Валентин был готов к любому развитию событий, даже Камчатка, уже дважды озвученная за утро, была обдумана и принята как должное, но к такому резкому развороту подготовиться невозможно. Слова капитана произвели эффект внезапно вылитого на голову ведра с холодной водой. Кремлевский полк – что это? Стоять у Мавзолея? Маршировать? Как это вообще – служить в Кремлевском полку? Ураган из вопросов зашумел в голове, с каждой секундой их количество умножалось и множилось. Если про службу во флоте Валентин приблизительно знал и по мере сил готовился к ней, то о службе в Кремлевском полку он даже не подозревал. Не находя ответов ни на один вопрос, пчелиным роем гудящим в мозгу, он произнес:
– Почему?
– Что – почему? – быстро ответил военком.

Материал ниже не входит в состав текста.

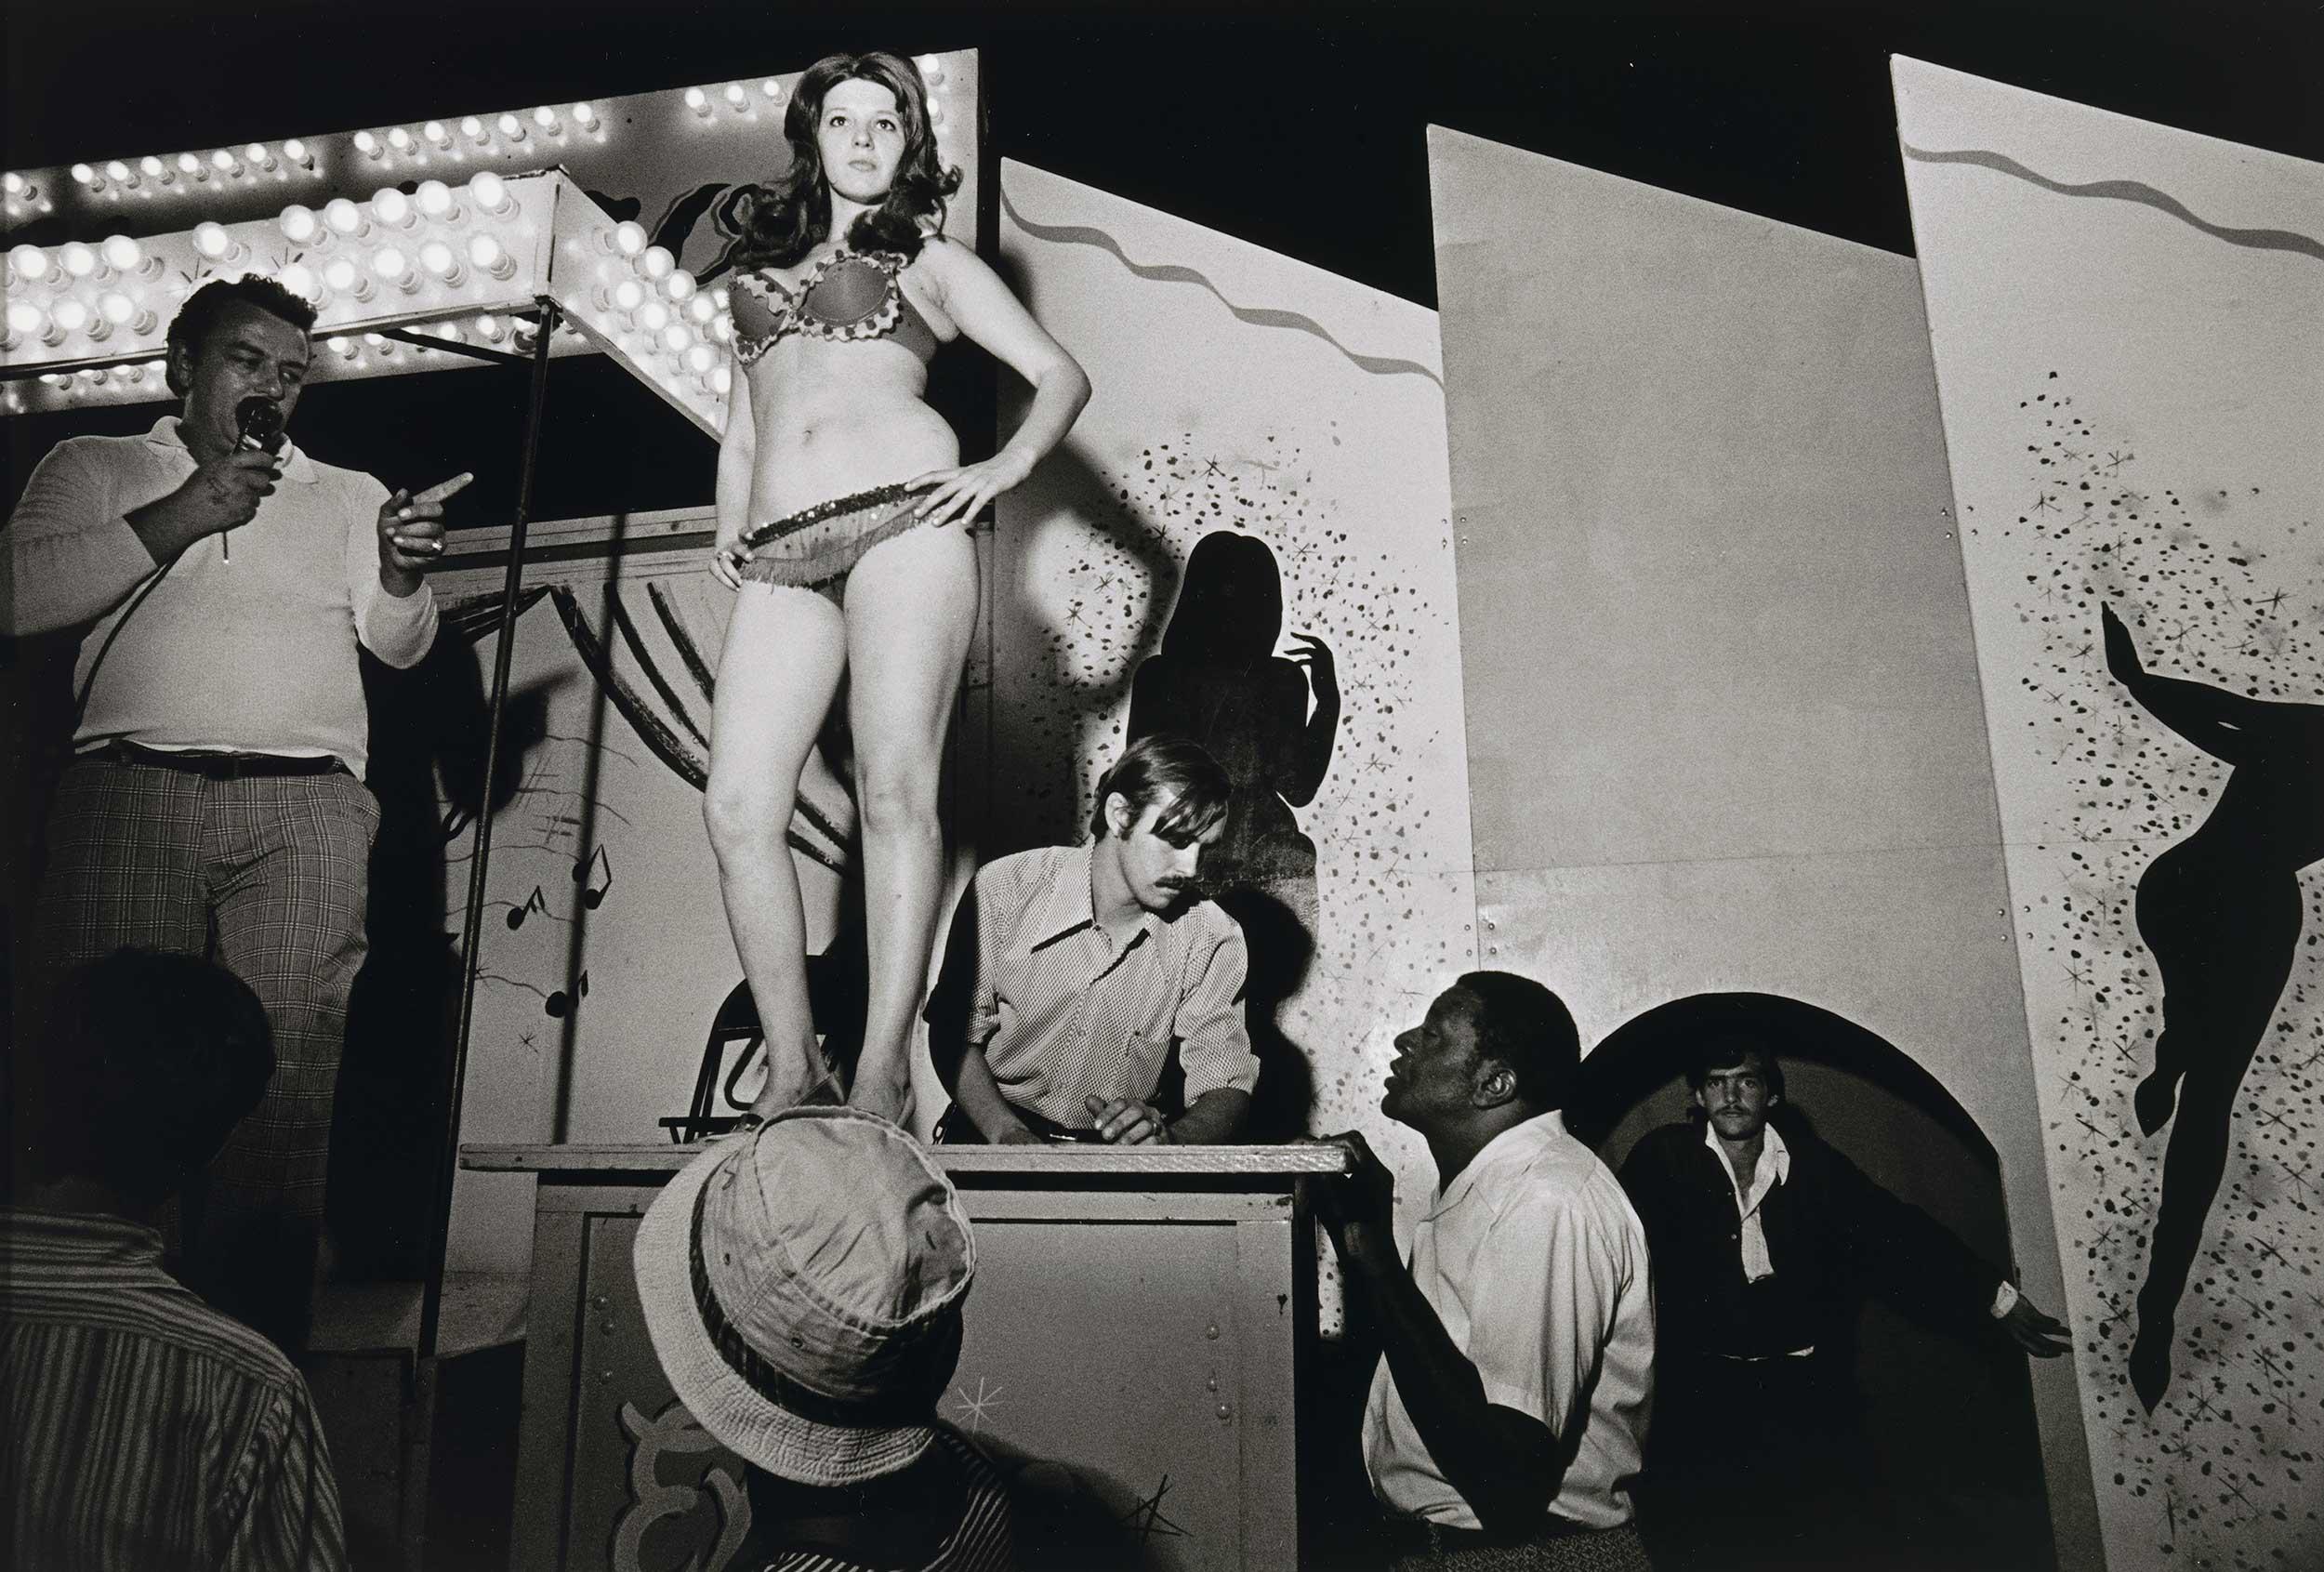 Lena on the Bally Box, Essex Junction, Vt., 1973.

– Почему Кремлевский полк?
Действительно, почему Кремлевский полк, не десант, не связь, не пограничники, а именно Кремлевский полк, выхватил из роя мыслей самый важный вопрос Валентин.
– Ну, это как раз просто, – с видимым облегчением выдохнул капитан. – У меня разнарядка на пять человек в Кремлевский полк, четверо уже есть, а с пятым проблема, – продолжил он. – Нету пятого, и все, уже мозг сломал, где взять. У одного приводы в милицию, у другого наколка, у третьего отец алкаш, у четвертого характеристика – хоть сейчас в тюрьму, пятый – инвалид, шестой – кретин, седьмой косит, – загибал пальцы военком, перечисляя, с кем приходится работать. – И вдруг ты. Сам пришел, сам во флот просишься, я в дело заглянул – вот он, пятый. Без приводов, наколок, семья нормальная, – перешел к достоинствам Валентина капитан. – Прямо камень с души, а потом смотрю, переломанный весь. – Затушив сигарету и тут же доставая следующую, сделал паузу военком. Прикурив продолжил. – Думаю, надо показать тебя хирургу, может, не все так плохо, вот видишь, не ошибся, – радостно, как бы напрашиваясь на похвалу, расплылся в улыбке военный: – пойдешь служить в Кремль, жить будешь на Красной площади, – подвел он итог.